I have a project main that contains a submodule foo. For this particular project, I would like to make a small change to foo that only applies to this particular project main.

main/
  + .git
  + main.c
  + lib/
  |   + bar.c
  + foo/           # My `foo` submodule
      + .git
      + config.h   # The file I want to patch from `main`
      + ...

A common solution would be to go down to my submodule, make a commit Applied patch for main on a new branch called main-project, then push it. Unfortunately, this is a very bad approach because I am making changes to foo that only matters to main. Also, when I update foo to the latest version, I will have to cherry-pick the patch too which introduces a lot of noise in foo's history.

Another solution is to have a real patch file on main that is applied to foo just before the build. Unfortunately as this modifies the submodule content, and I will have uncommitted changed on foo, so it is not a good solution either.

The ideal solution would be to track my patch using Git, but at the top-level (e.g. directly on main, not on foo).
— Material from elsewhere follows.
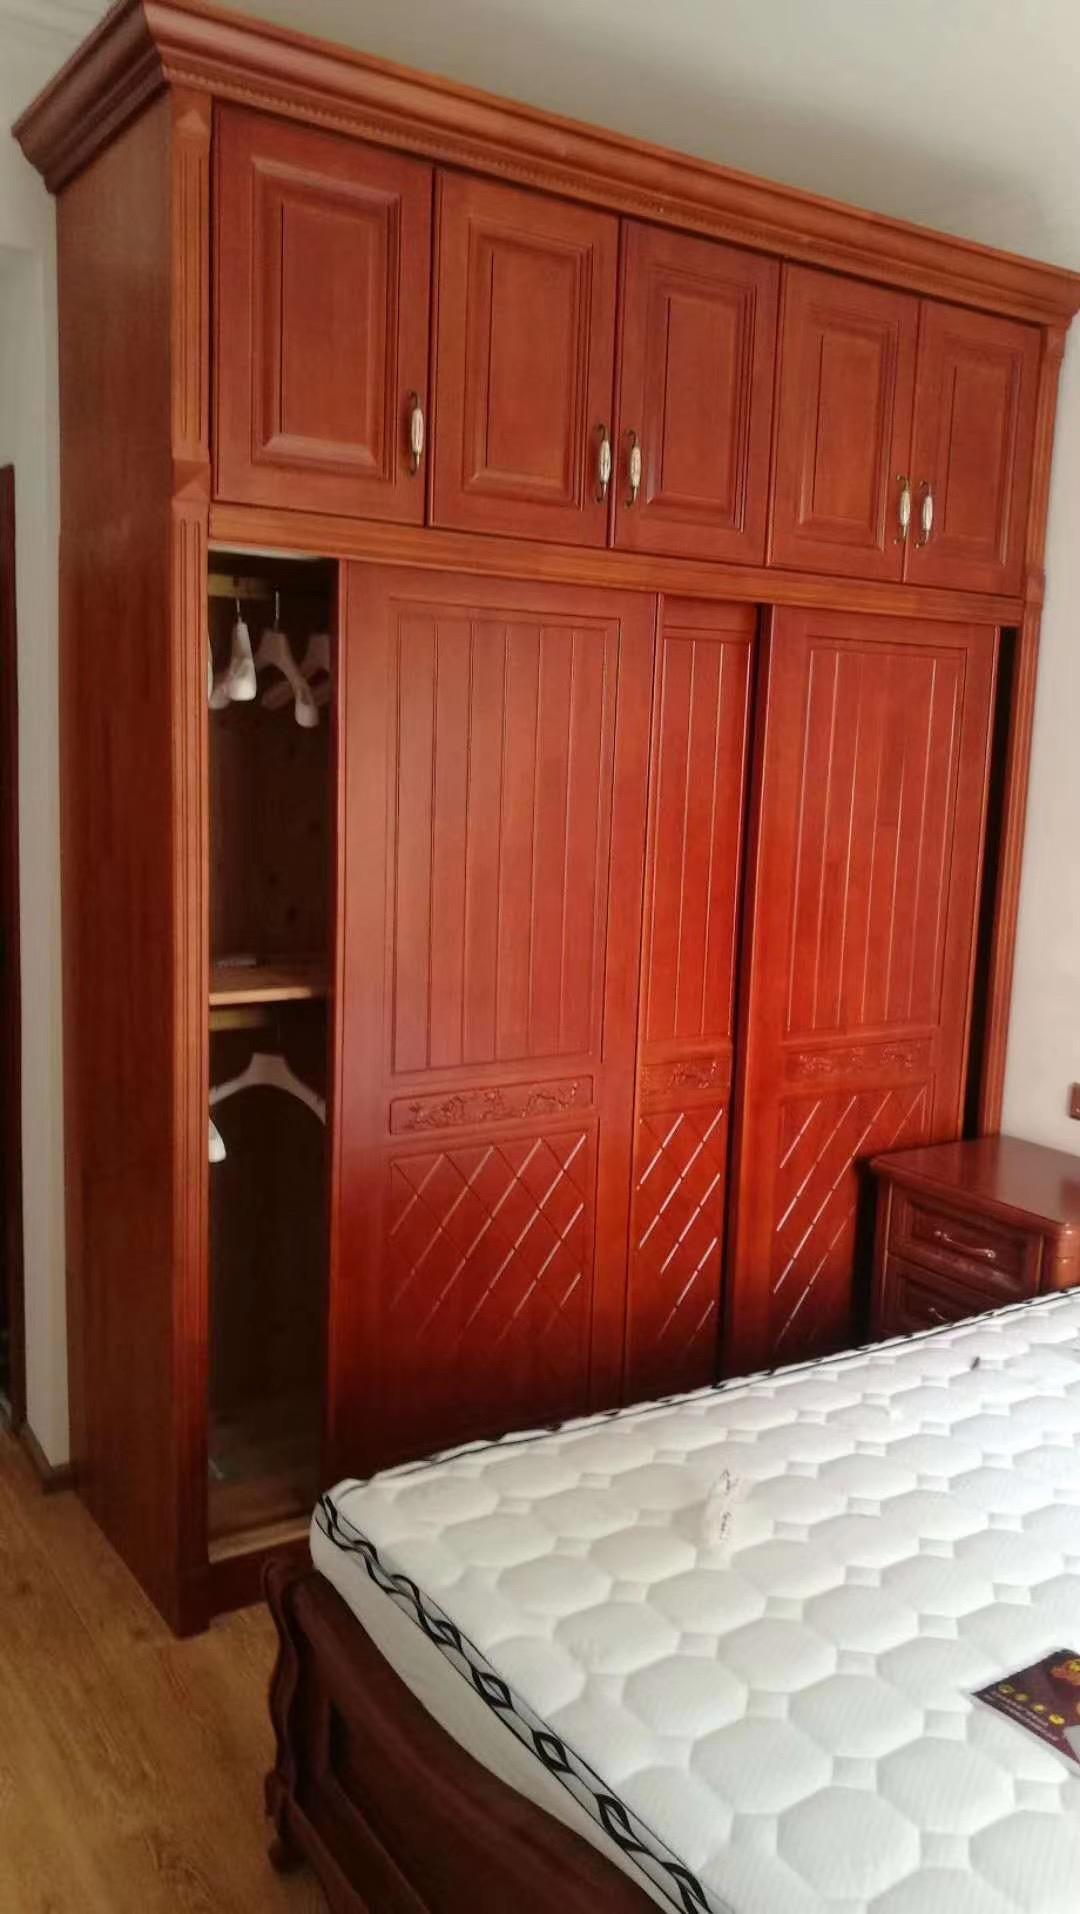 定制多层实木板衣柜
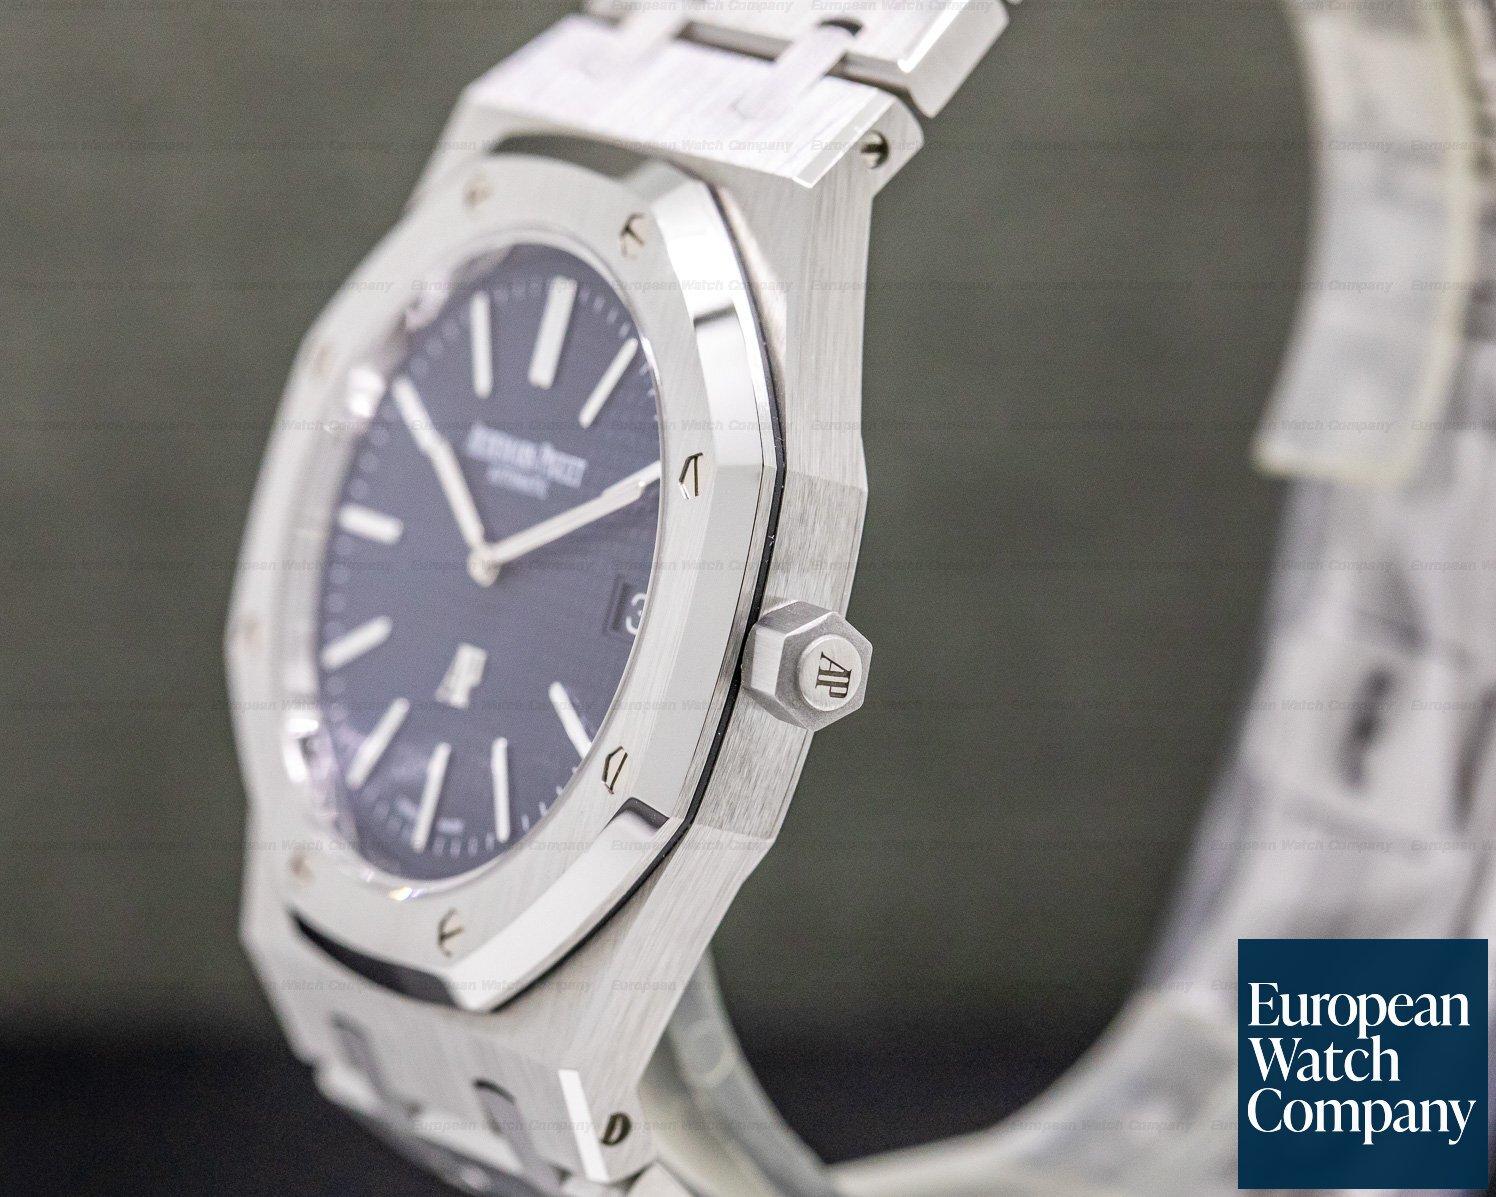 Audemars Piguet 15202ST.OO.1240ST.01 Royal Oak Extra Thin Blue Dial SS 15202ST

Theoretically, it would be possible to add a blob on the Git tree that points into the submodule location:

blob   <sha> main.c
tree   <sha> lib/
commit <sha> foo
blob   <sha> foo/config.h

With this idea, the patched file config.h belonging to foo will be tracked on main.

How is it possible to do it so?

Plauen answered 29/11, 2017 at 21:46 Comment(3)
I don't know many people who regard the records vcs's keep of what's been done as noise, most people I know regard those as a selling point. If you're going to update your changes for a new vendor release, apply your patches on a new base, I'd think you'd want a vcs to record what's that's been done, so others (perhaps just you six weeks from now) can reproduce and test the work.Merrell
@Merrell When the upstream repository is huge and changes often and your patches are small and rare, it makes a lot of sense, maintenance-wise. Please post your concerns in a new question; I'd like to answer in more details.Shwalb
P.S.: I find patch versioning an interesting concept, especially since I only understood recently why (I think that) it is done.Shwalb
A
9

I would still go with the second option (have a real patch file on main), but adapt my build process to:

  • make a copy of the config.h in the submodule
  • apply the patch
  • build
  • restore config.h to its original content.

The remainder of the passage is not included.